Storing Datasets in the Cloud

You may want to store your elevation datasets on a cloud storage provider (like AWS S3, Google Cloud Storage, or Azure Storage) instead of on a persistent local disk. This configuration can be cheaper than provisioning a server with a lot of disk space, and plays nicely with containerised workflows where services are expected to spin up quickly on standard machine types.

Accessing datasets over http will add latency compared reading from a local disk.

Open Topo Data doesn't currently have specific support for cloud storage, but there are a few different ways to set this up.

Regardless of the approach you take, you probably want to convert your dataset to cloud optimised geotiffs for best performance.

Mounting on the host

Tools like gcsfuse, s3fuse, and rclone let you mount cloud storage buckets, folders, and files in your local filesystem. You can then point Open Topo Data at the mounted path.

For example, you could mount a GCS bucket like

mkdir /mnt/otd-cloud-datasets/
gcsfuse www-opentopodata-org-public /mnt/otd-cloud-datasets/

set up the dataset in config.yaml:

- name: srtm-gcloud-subset
  path: data/test-srtm90m-subset/

then when running the docker image, include the mounted bucket as a volume:

docker run --rm -it --volume /mnt/otd-cloud-datasets/:/app/data:ro -p 5000:5000 opentopodata

This is the simplest set and forget way to point Open Topo Data at a dataset living in the cloud. But it requires a long-running host, and access to the host.

Mounting inside docker

You could do the mounting above inside the docker container, for example by building on the Open Topo Data docker image to add e.g. rclone as a dependency and do the actual mounting.

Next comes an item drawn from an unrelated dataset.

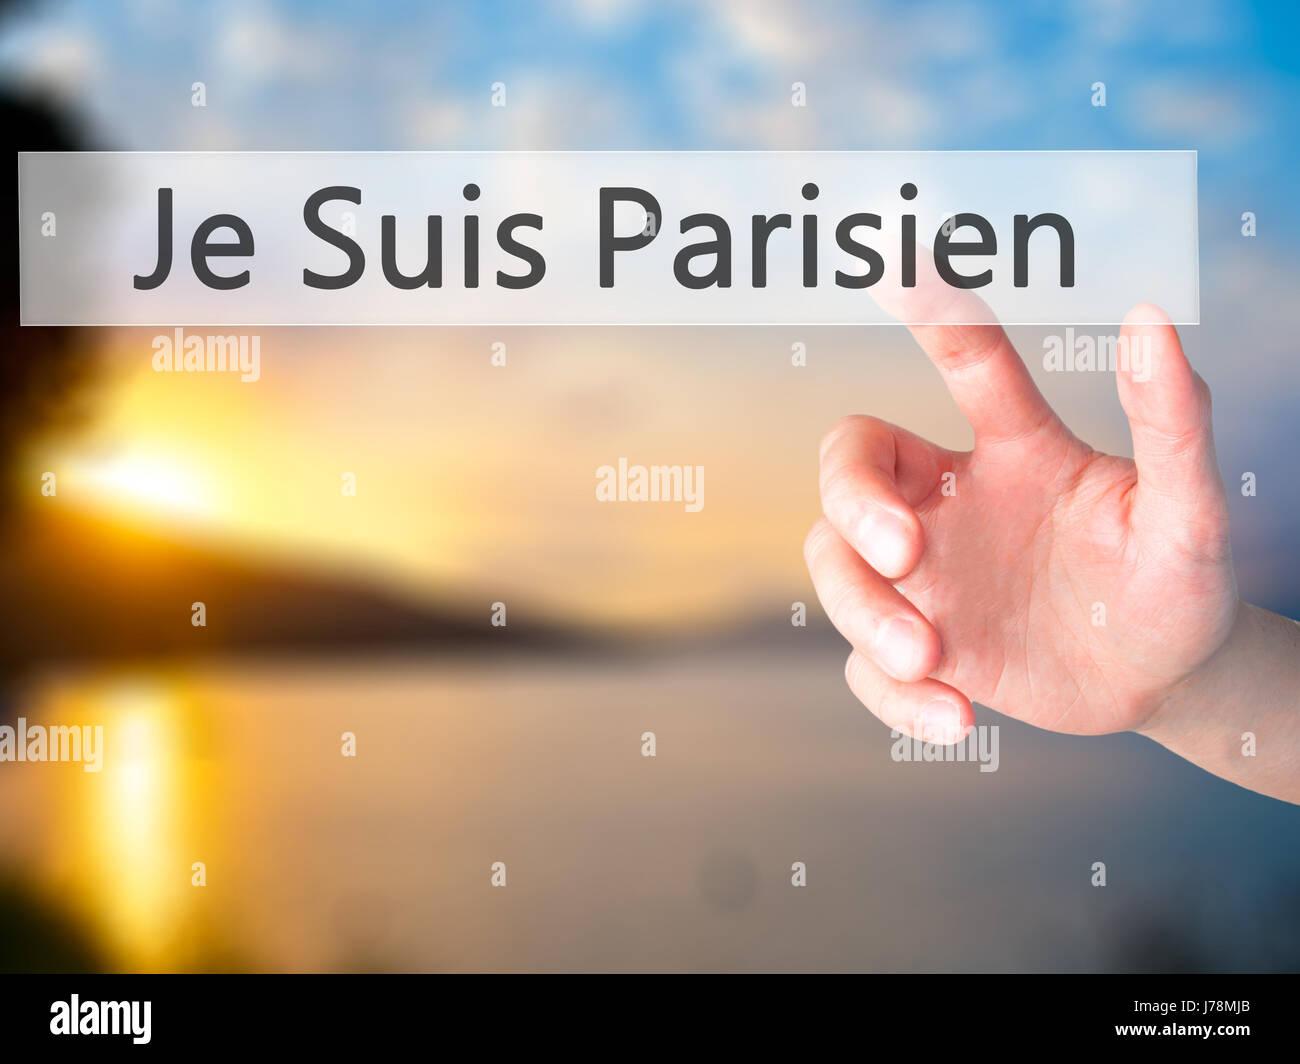 Je Suis Parisien ( I am Parisien)  - Hand pressing a button on blurred background concept . Business, technology, Stock Photo

This lets you mount your cloud dataset without modifying the host. However, getting fuse to work inside a docker container can be tricky, and you may not have permissions to do this on some platforms (though it seems possible on GCE).

Building a VRT

VRT files are a container format for geospatial rasters, and they support cloud storage through special file paths: for example the path /vsigs/www-opentopodata-org-public/test-srtm90m-subset/N00E010.hgt references the file /test-srtm90m-subset/N00E010.hgt in the www-opentopodata-org-public bucket on Google Cloud Storage. There's a complete list of the special paths in the GDAL docs.

Because Open Topo Data understands VRT files, we can build a VRT file wrapping all of the cloud files:

gdalbuildvrt data/gcloud/dataset.vrt /vsigs/www-opentopodata-org-public/test-srtm90m-subset/N00E010.hgt /vsigs/www-opentopodata-org-public/test-srtm90m-subset/

and load this in Open Topo Data as a single file dataset:

- name: srtm-gcloud-subset
  path: data/gcloud/

finally, you'll need to pass credentials to the docker container:

docker run -it -v /home/XXX/opentopodata/data:/app/data:ro -p 5000:5000 -e GS_SECRET_ACCESS_KEY=XXX -e GS_ACCESS_KEY_ID=XXX opentopodata

Again the GDAL docs have the format for the credential environment variables.